◆ **WHAT IS EXPECTED**:
Beginning with the line containing "Zodiac tatovering fisk" and going on through the line containing "Image of Pardon", the lines below are to be returned exactly, pictures excluded and nothing added.

◆ **MATERIAL SHOWN**:
##############################

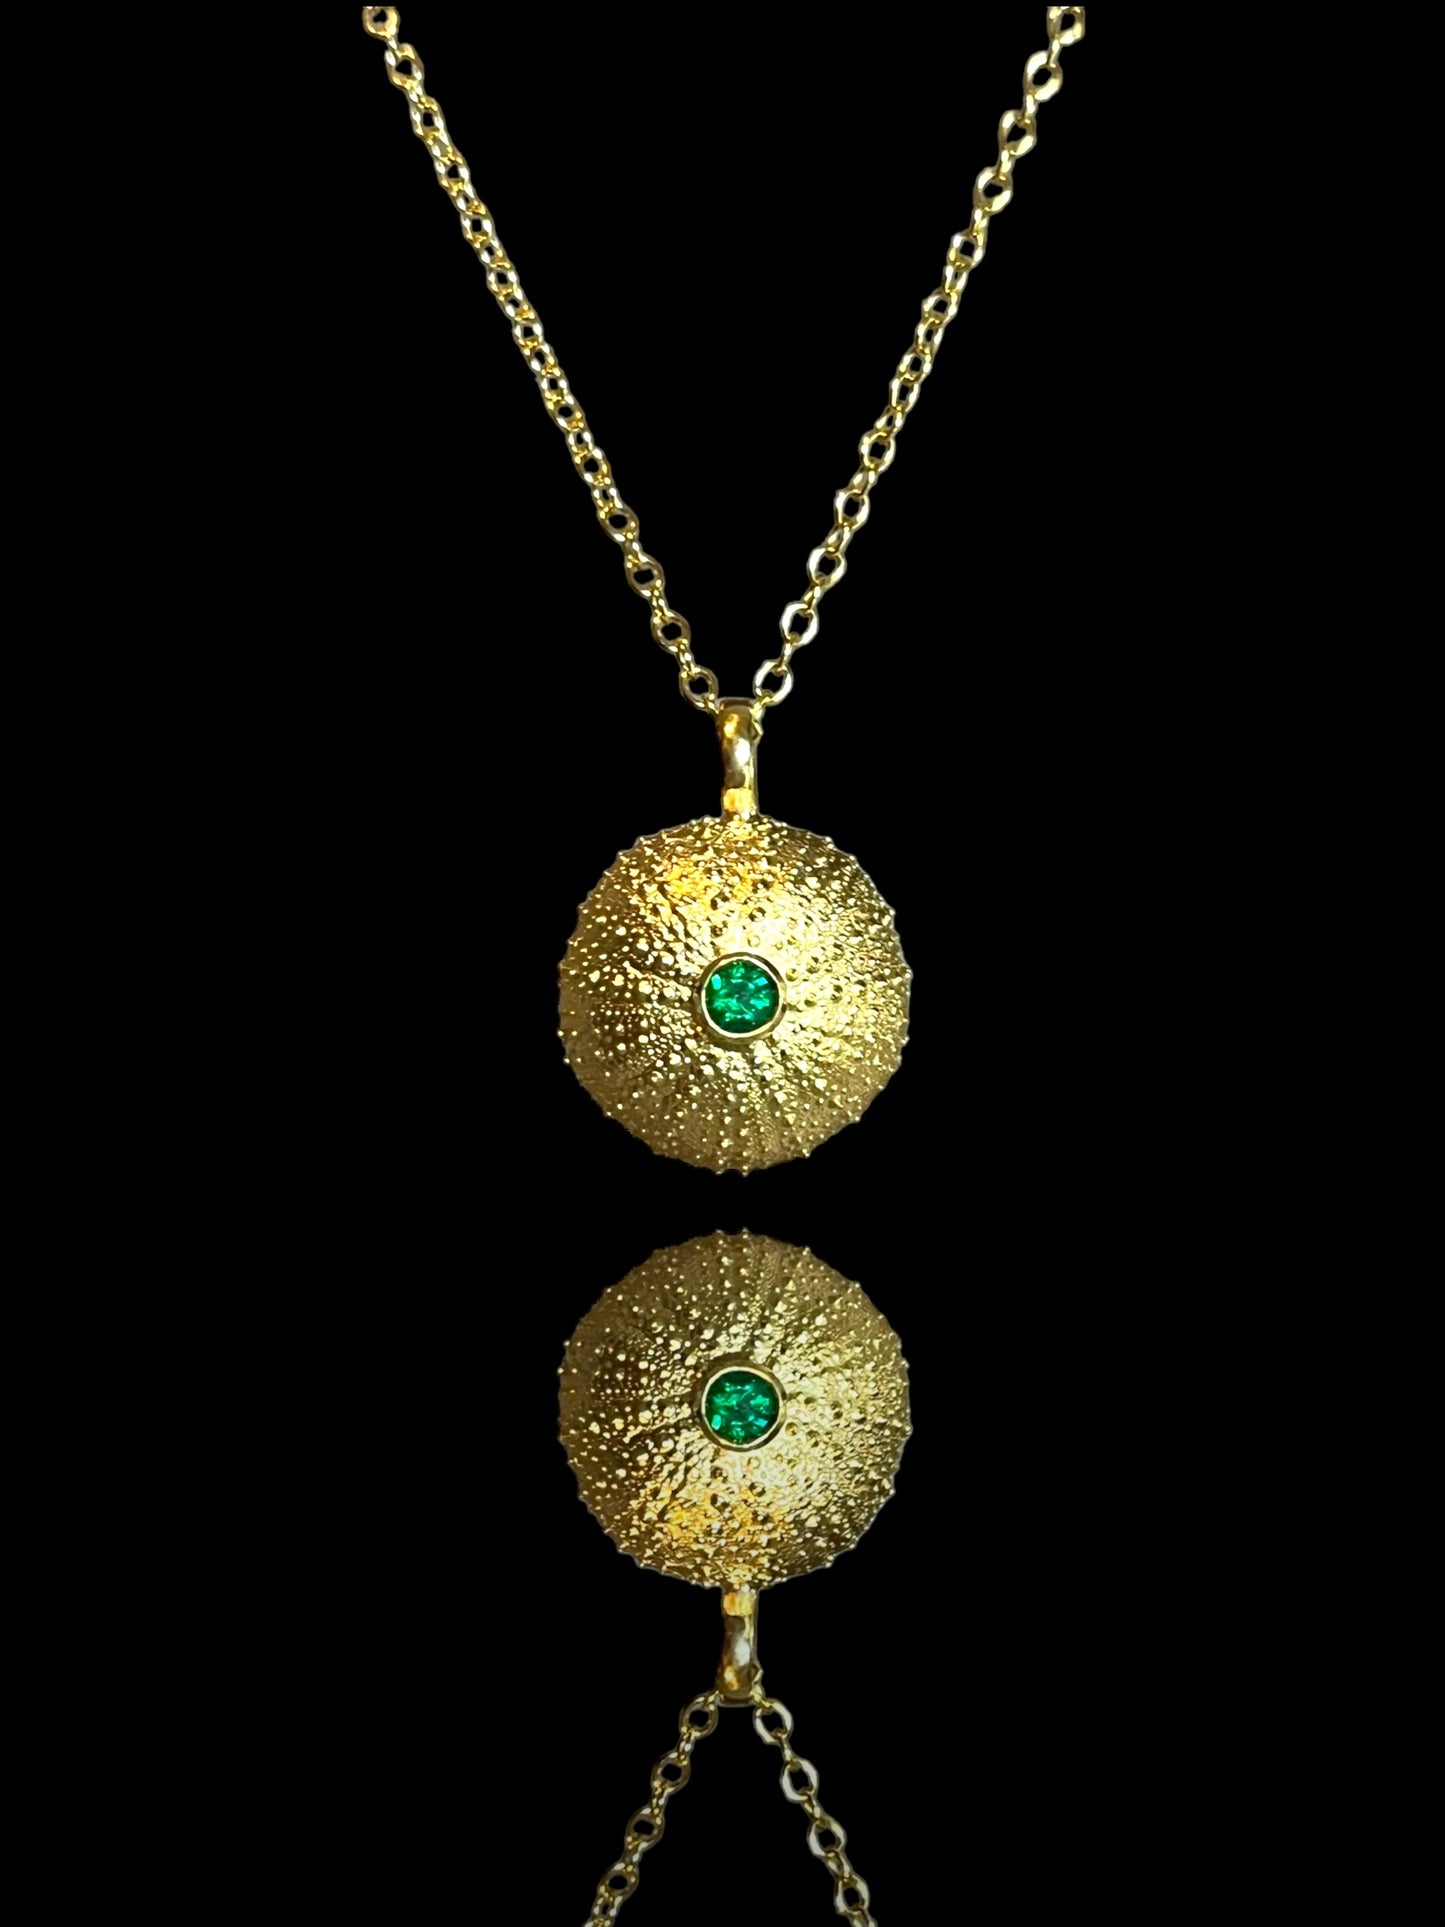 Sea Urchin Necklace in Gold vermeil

##############################

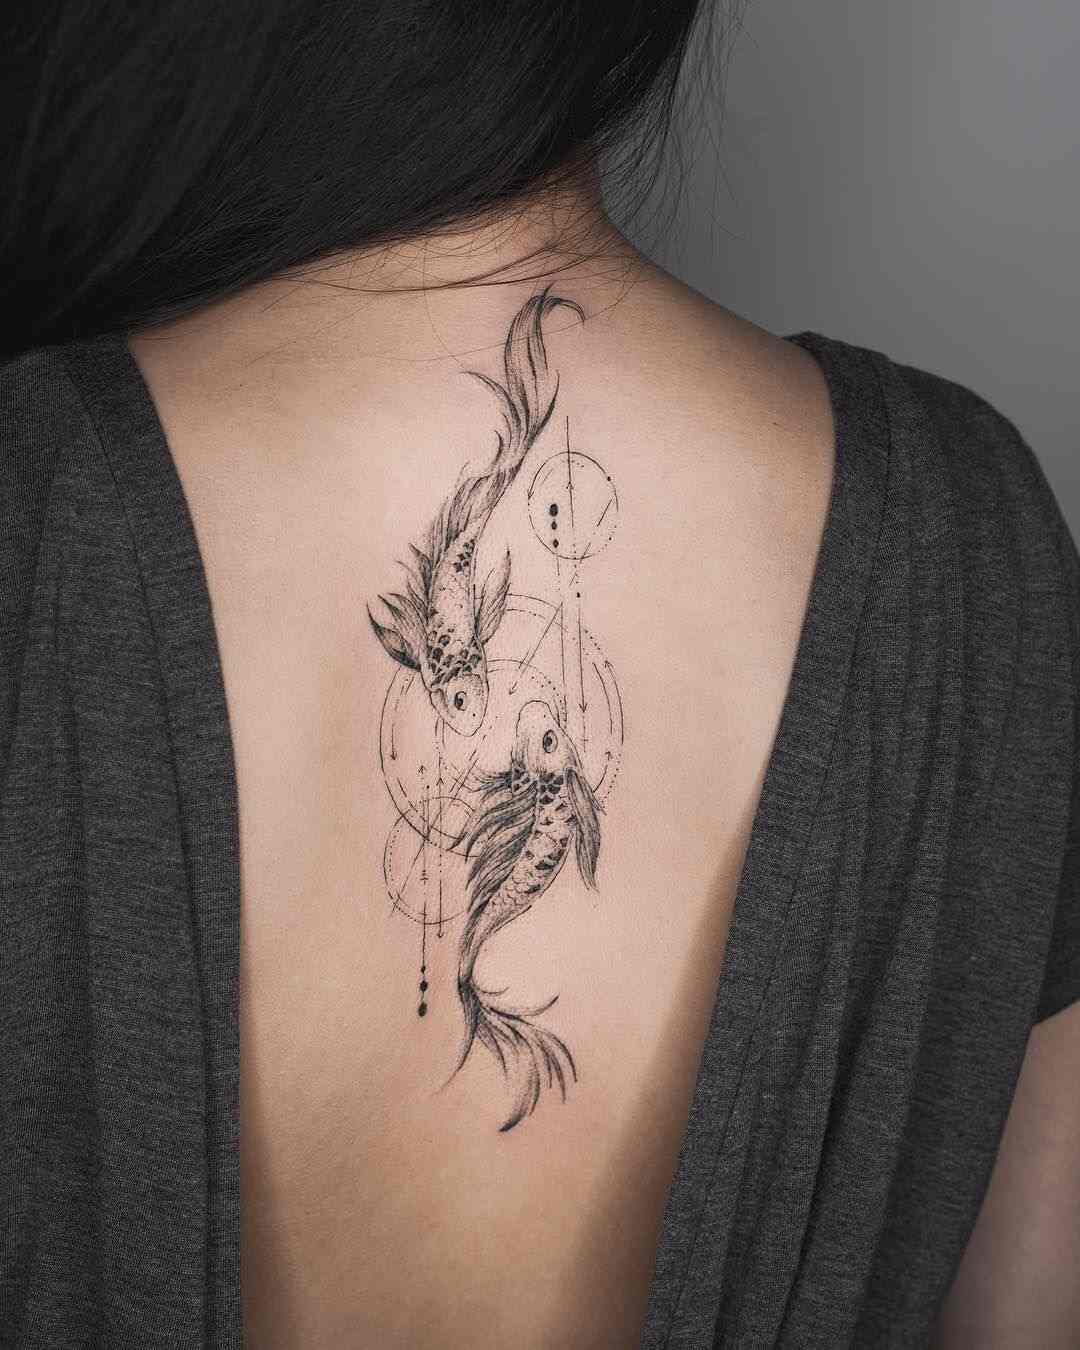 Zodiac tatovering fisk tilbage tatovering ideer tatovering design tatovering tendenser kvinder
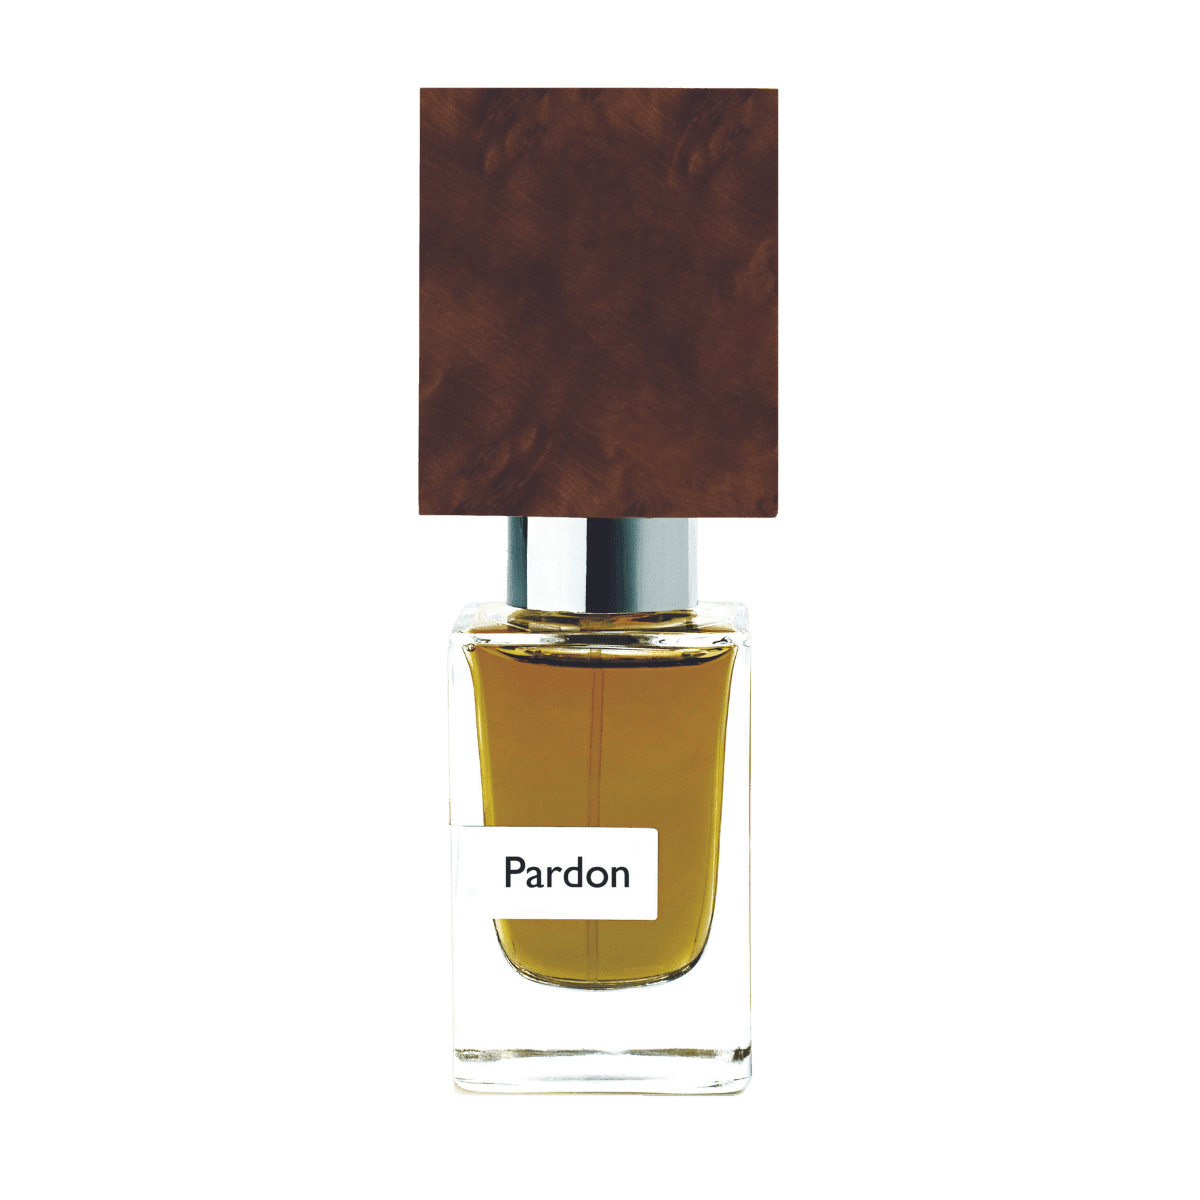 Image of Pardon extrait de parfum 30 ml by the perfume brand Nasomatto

##############################

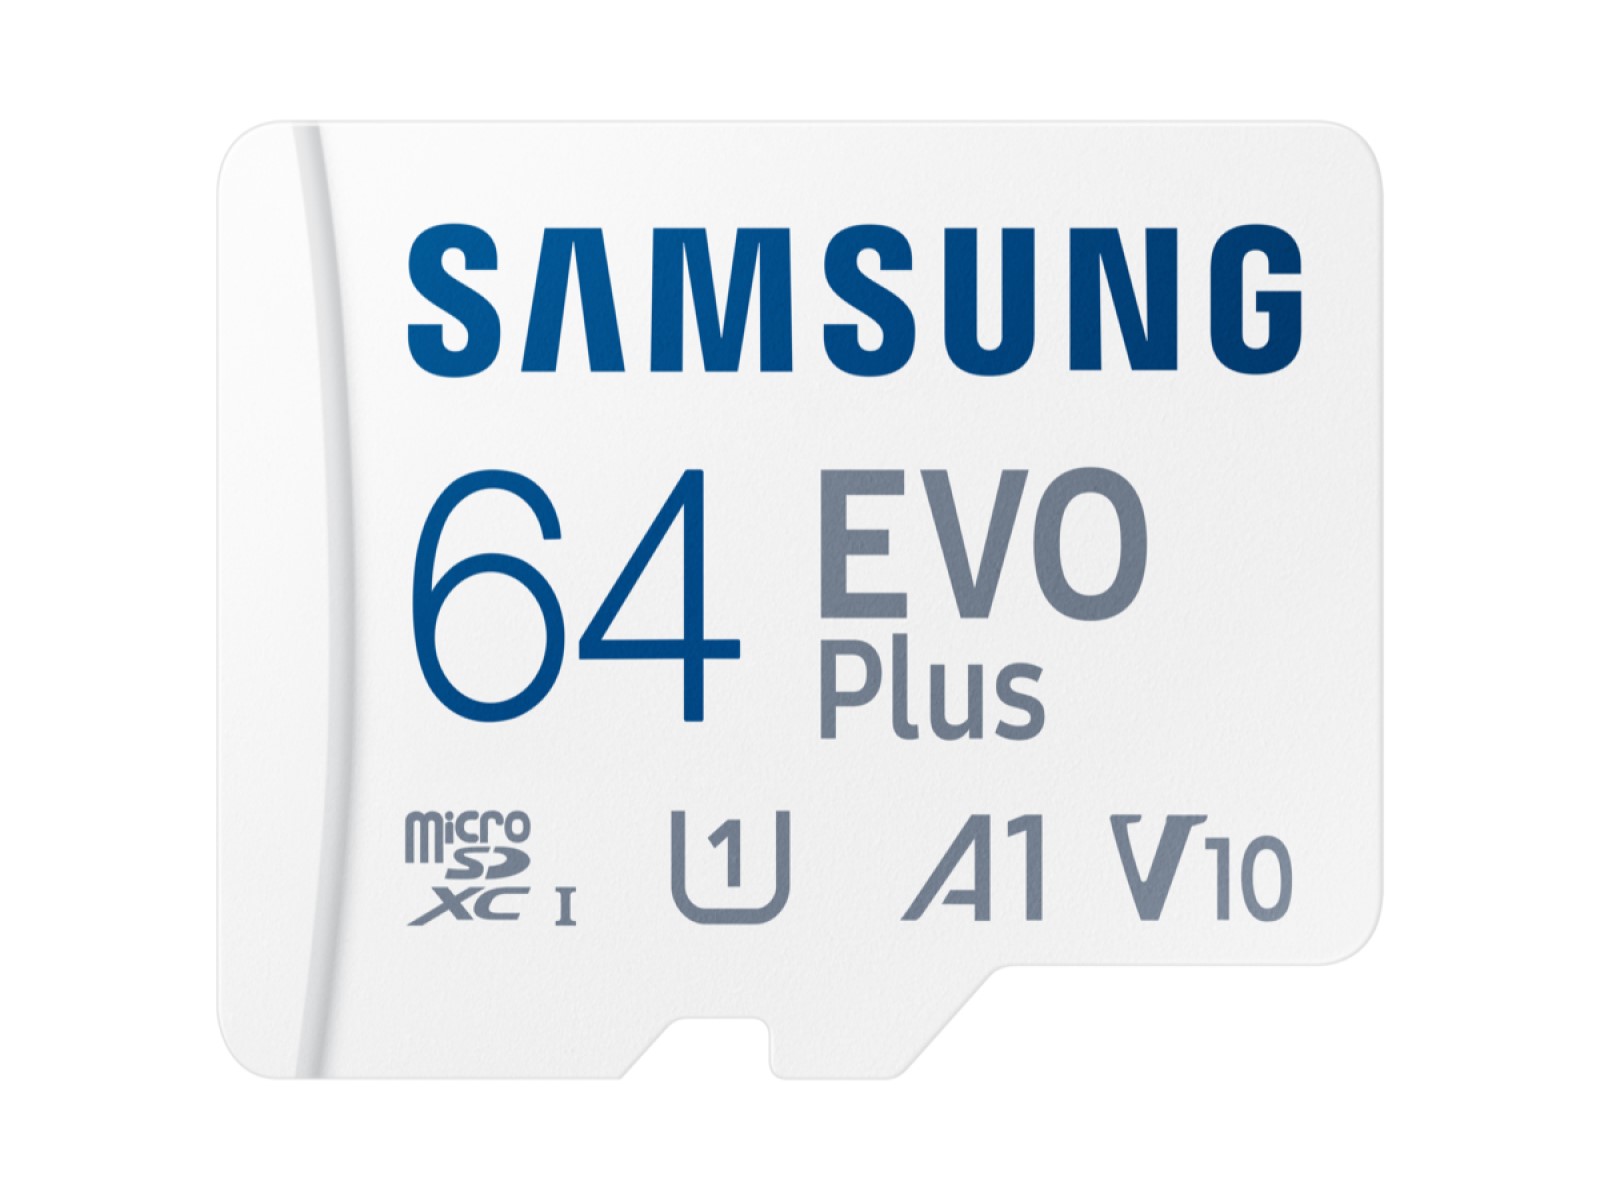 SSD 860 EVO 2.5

##############################

◆ **TASK RESULT**:
 Zodiac tatovering fisk tilbage tatovering ideer tatovering design tatovering tendenser kvinder
 Image of Pardon extrait de parfum 30 ml by the perfume brand Nasomatto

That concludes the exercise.